Co-prescribing of opioids and benzodiazepines/Z-drugs associated with all-cause mortality-A population-based longitudinal study in primary care with weak opioids most commonly prescribed

被引:4
作者
Linnet, Kristjan [1 ]
Thorsteinsdottir, Heidrun Sjofn [2 ]
Sigurdsson, Johann Agust [1 ,3 ]
Sigurdsson, Emil Larus [1 ,4 ]
Gudmundsson, Larus Steinthor [2 ]
机构
[1] Primary Hlth Care Capital Area, Dev Ctr Primary Healthcare Iceland, Reykjavik, Iceland
[2] Univ Iceland, Fac Pharmaceut Sci, Sch Hlth Sci, Reykjavik, Iceland
[3] Norwegian Univ Sci & Technol NTNU, Dept Publ Hlth & Nursing, Gen Practice Res Unit, Trondheim, Norway
[4] Univ Iceland, Fac Med, Sch Hlth Sci, Dept Family Med, Reykjavik, Iceland
关键词
weak opioids; benzodiazepines/Z-drugs; mortality risk; long-term co-prescribing; primary care; PRESCRIPTION; TRENDS; PAIN;
D O I
10.3389/fphar.2022.932380
中图分类号
R9 [药学];
学科分类号
1007 ;
摘要
Introduction: The risk of mortality associated with the co-prescribing of benzodiazepines and opioids has been explored in a number of papers mainly focusing on strong opioids. The mortality risk associated with the use of weak opioids has not been dealt with to a similar extent. Objective: To assess the mortality risk in primary care patients with consistent 3-year co-prescribing of benzodiazepine/Z-drugs (benzodiazepine receptor modulators) and mainly weak opioids (codeine, tramadol). Methods: Of 221,804 patients contacting the primary healthcare centres, 124,436 were selected for further analysis, 88,832 participants fulfilled the inclusion criteria, aged 10-69 years and were divided into four groups with neither any use of benzodiazepines/Z-drugs nor opioids as Group 1, 3 years' use of opioids and no/minimal benzodiazepines/Z-drugs as Group 2, with benzodiazepines/Z -drugs and no/minimal opioids as Group 3, and finally both benzodiazepines/Z-drugs and opioids as Group 4. Hazard ratios were calculated with the no-drug group as a reference, using Cox proportional hazards regression model adjusted for age, sex, number of chronic conditions and cancer patients excluded (n = 87,314).

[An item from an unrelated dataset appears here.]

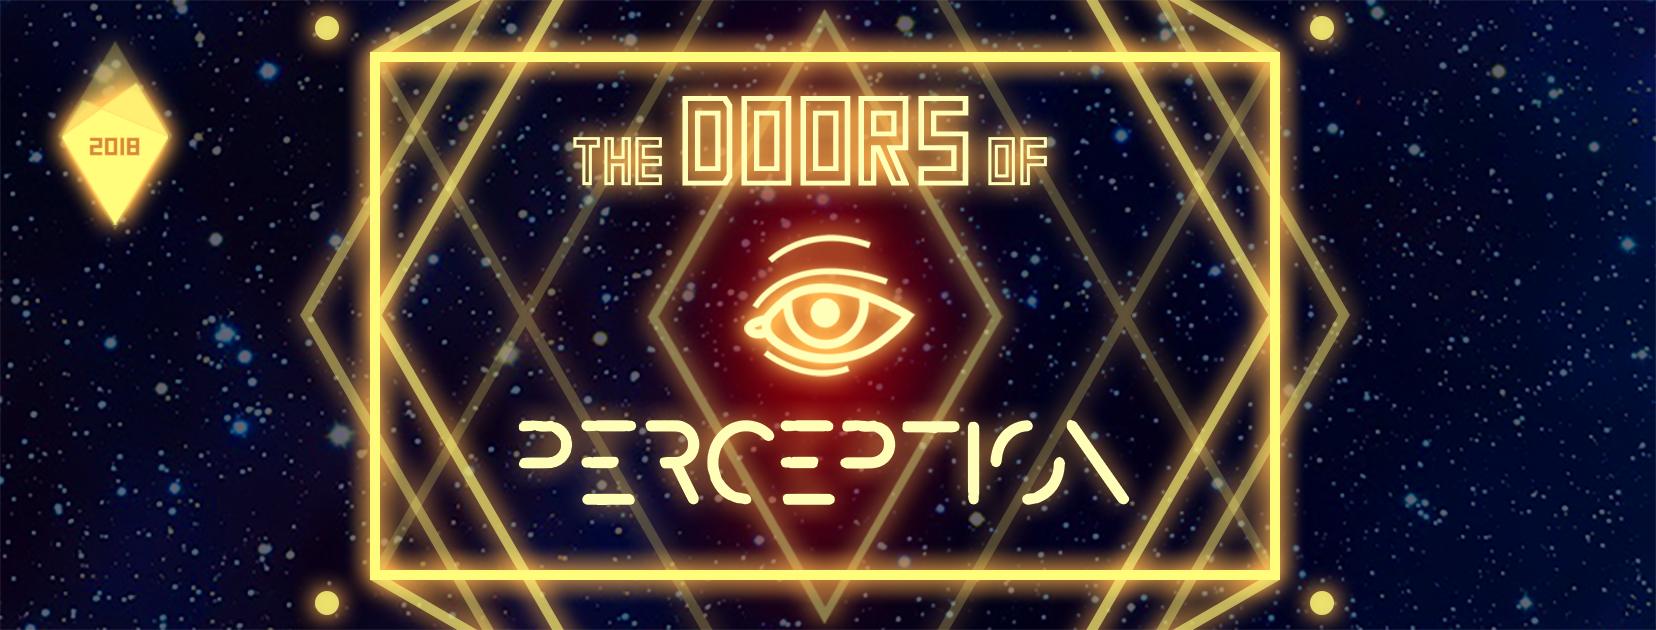 Doors of Perception FB Banner.png

Results: Hazard ratios for mortality increased both in Group 3 where it was 2.66 (95% CI 2.25-3.09) and in Group 4 where it was 5.12 (95% CI 4.25-6.17), with increased dose and higher number of chronic conditions. In Group 4 an opioid dose-dependent increase in mortality among persons using >1000 DDDs benzodiazepines/Z -drugs was observed when those on less than <300 DDDs of opioids with HR 4.94 (95% CI 3.54-6.88) were compared to those on >300 DDDs with HR 7.61/95% CI 6.08-9.55). This increase in mortality was not observed among patients on <1000 DDDs of benzodiazepines/Z-drugs. Conclusion: The study supports evidence suggesting that mortality increases in a dose-dependent manner in patients co-prescribed benzodiazepines/Z-drugs and weak opioids (codeine, tramadol). An association between the number of chronic conditions and a rise in mortality was found. Long-term use of these drugs should preferably be avoided. Non-pharmacological therapy should be seriously considered instead of long-term use of benzodiazepines/Z-drugs, and deprescribing implemented for chronic users of these drugs when possible.